Monday 21 January 2013

Confusing Sentences That Actually Make Sense

Let’s face it: Sometimes the English language can be downright bizarre. The plural of ox is oxen while the plural of box is boxes, ‘rough’ rhymes with ‘gruff’ even though the two words only have two letters in common, and there are actually more than nine hundred exceptions to the infamous “i before e except after c” rule.

If you’re still not convinced that the English language is full of oddities and conundrums, take a look at these five wacky sentences that are actually grammatically correct.

1All the faith he had had had had no effect on the outcome of his life.

Well, talk about lexical ambiguity. But as strange as this sentence might sound, it is actually grammatically correct. The sentence relies on a double use of the past perfect. The two instances of “had had” play different grammatical roles in the sentences—the first is a modifier while the second is the main verb of the sentence.

2One morning I shot an elephant in my pajamas. How he got into my pajamas I’ll never know.
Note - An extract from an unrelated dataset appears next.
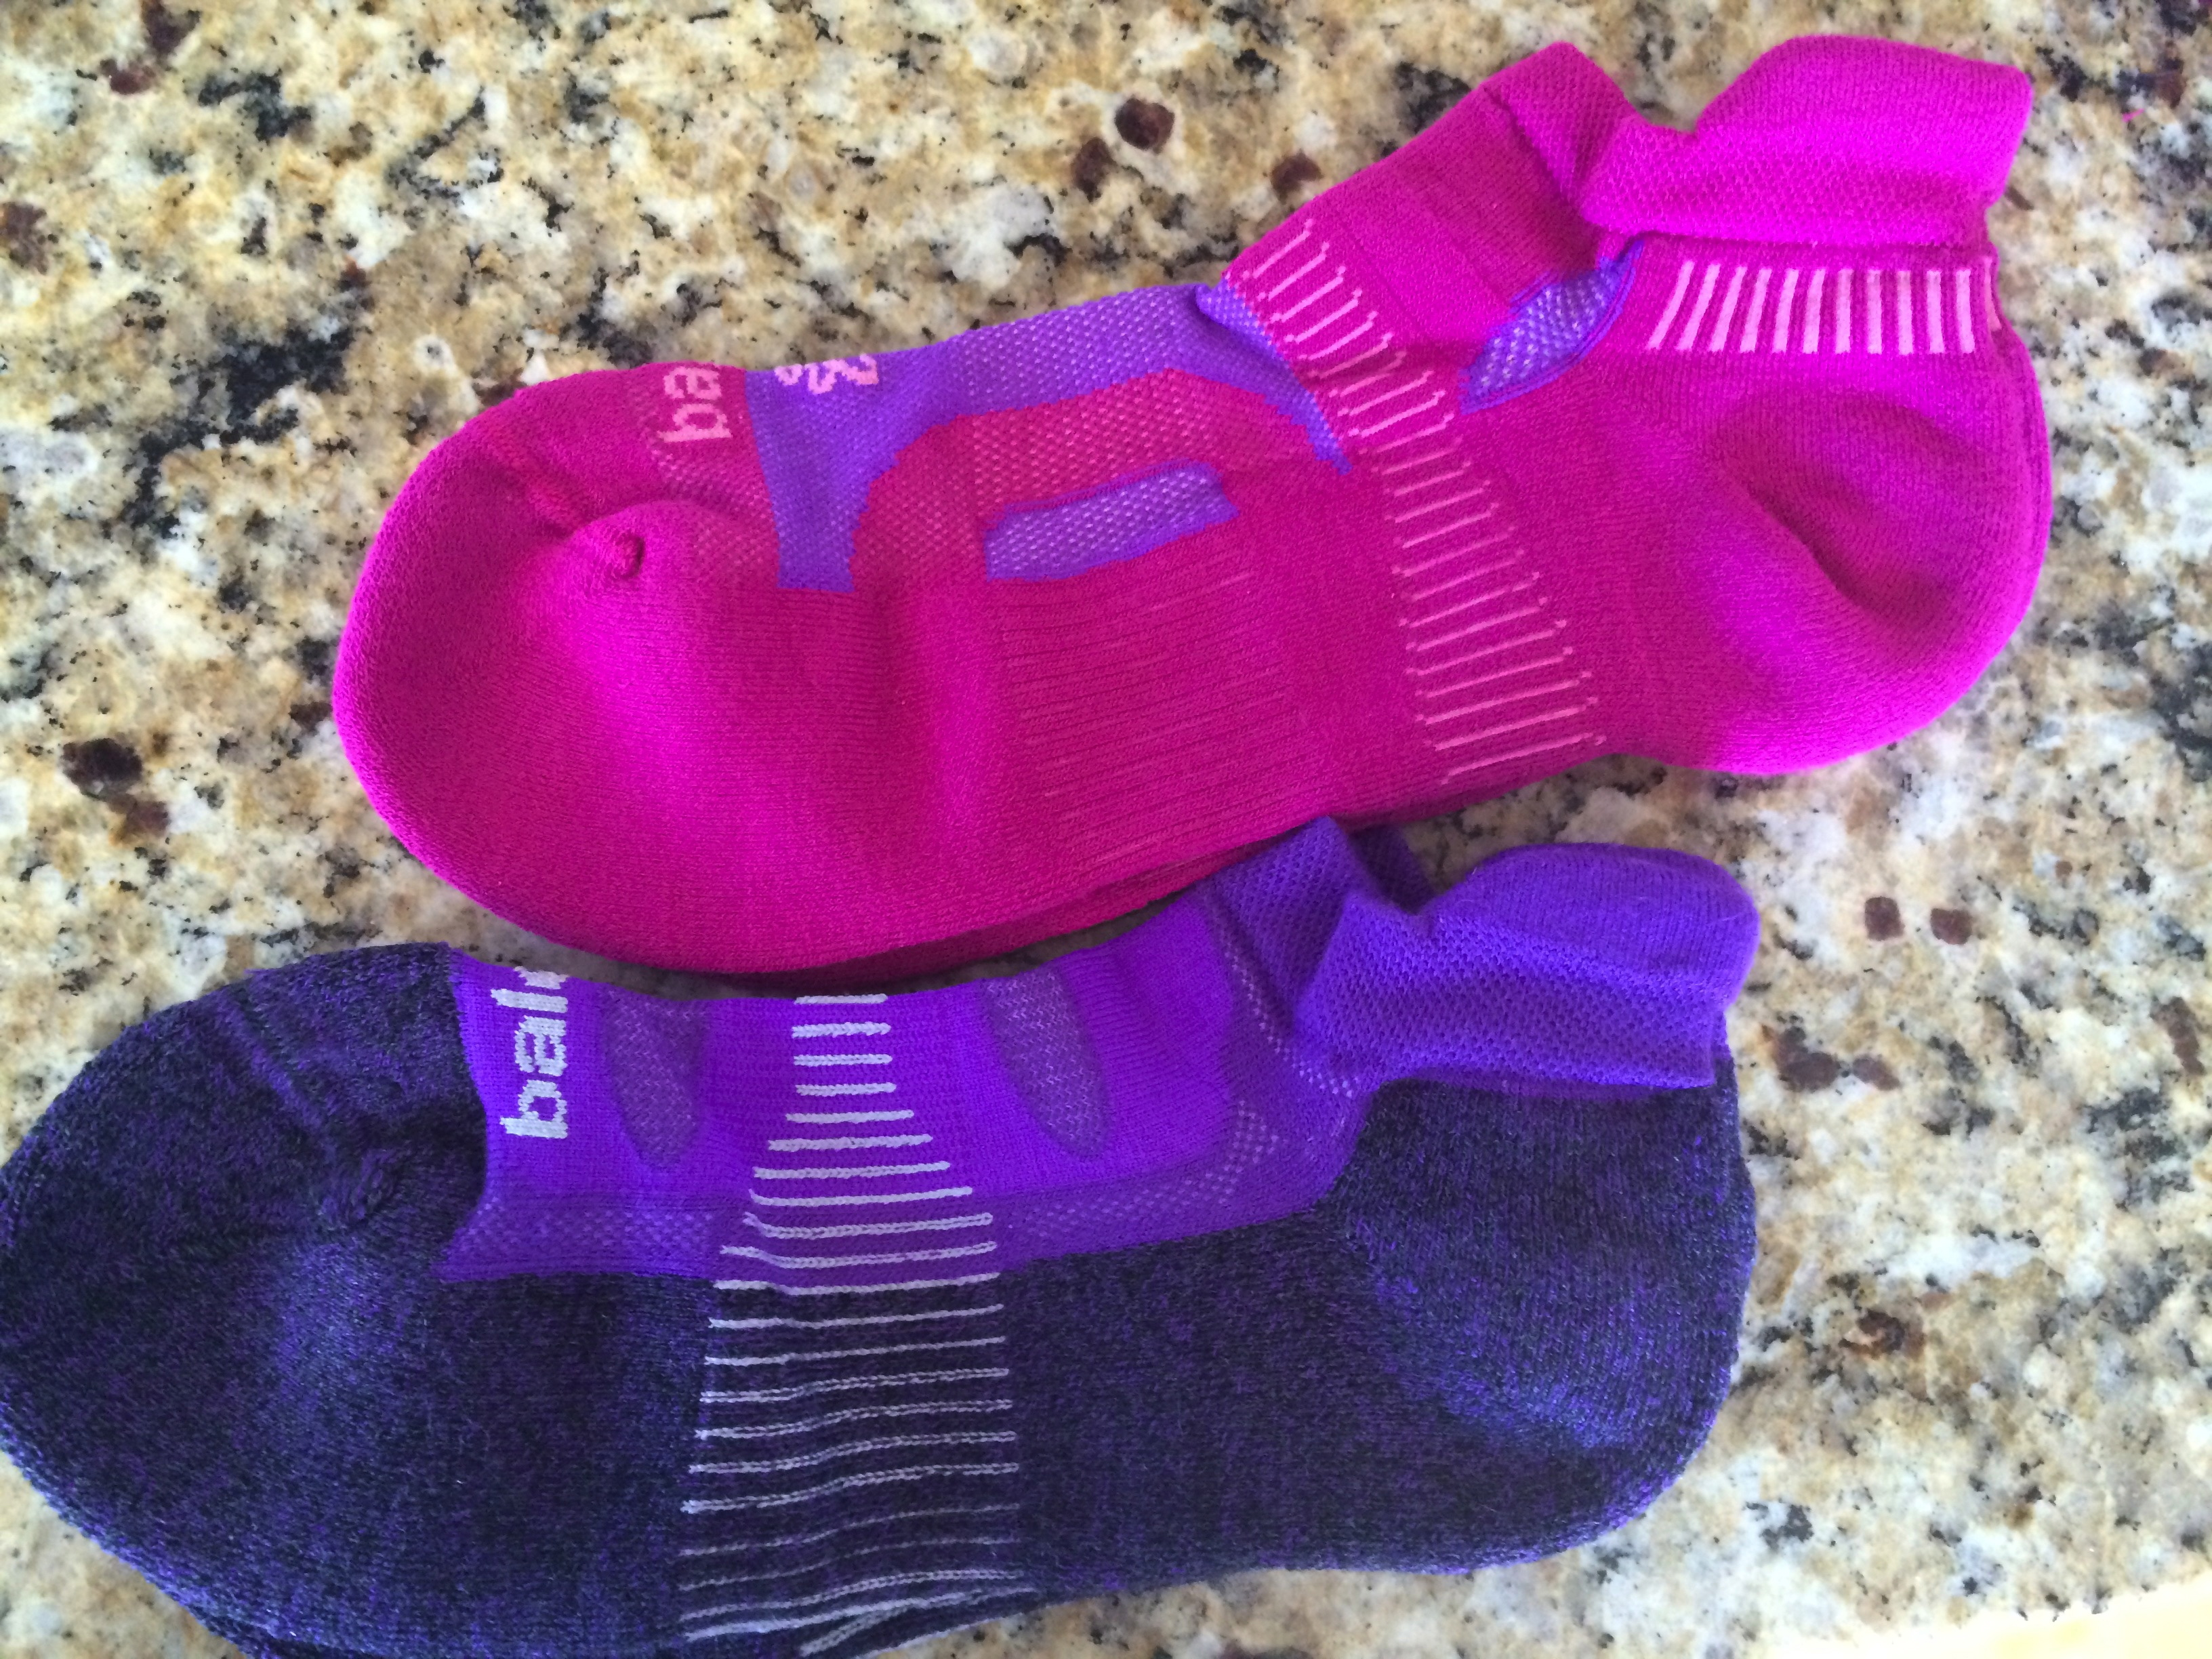 play com hidden comfort pack balega boy school lightfeet boys sports mini comforter sport socksforliving kids collections crew s socks

This famous Groucho Marx joke takes advantage of the fact that the same sentence can often be interpreted in more than one way. The first sentence can be read in two distinct ways: A) The man shot an elephant while he was wearing his pajamas or B) The man shot an elephant that was wearing his pajamas. It’s unclear who is wearing the pajamas—the man or the elephant. Most people interpret the sentence the first way and are subsequently startled to read the second part of the joke.

3The complex houses married and single soldiers and their families.

This is what we call a garden path sentence. Though grammatically correct, the reader’s initial interpretation of the sentence may be nonsensical. In other words, the sentence has taken the reader down a dead-end.

Here, “complex” may be interpreted as an adjective and “houses” may be interpreted as a noun. Readers are immediately confused upon reading that the complex houses “married,” interpreting “married” as the verb. How can houses get married? In actuality, “complex” is the noun, “houses” is the verb, and “married” is the adjective. The sentence is trying to express the following: Single soldiers, as well as married soldiers and their families, reside in the complex.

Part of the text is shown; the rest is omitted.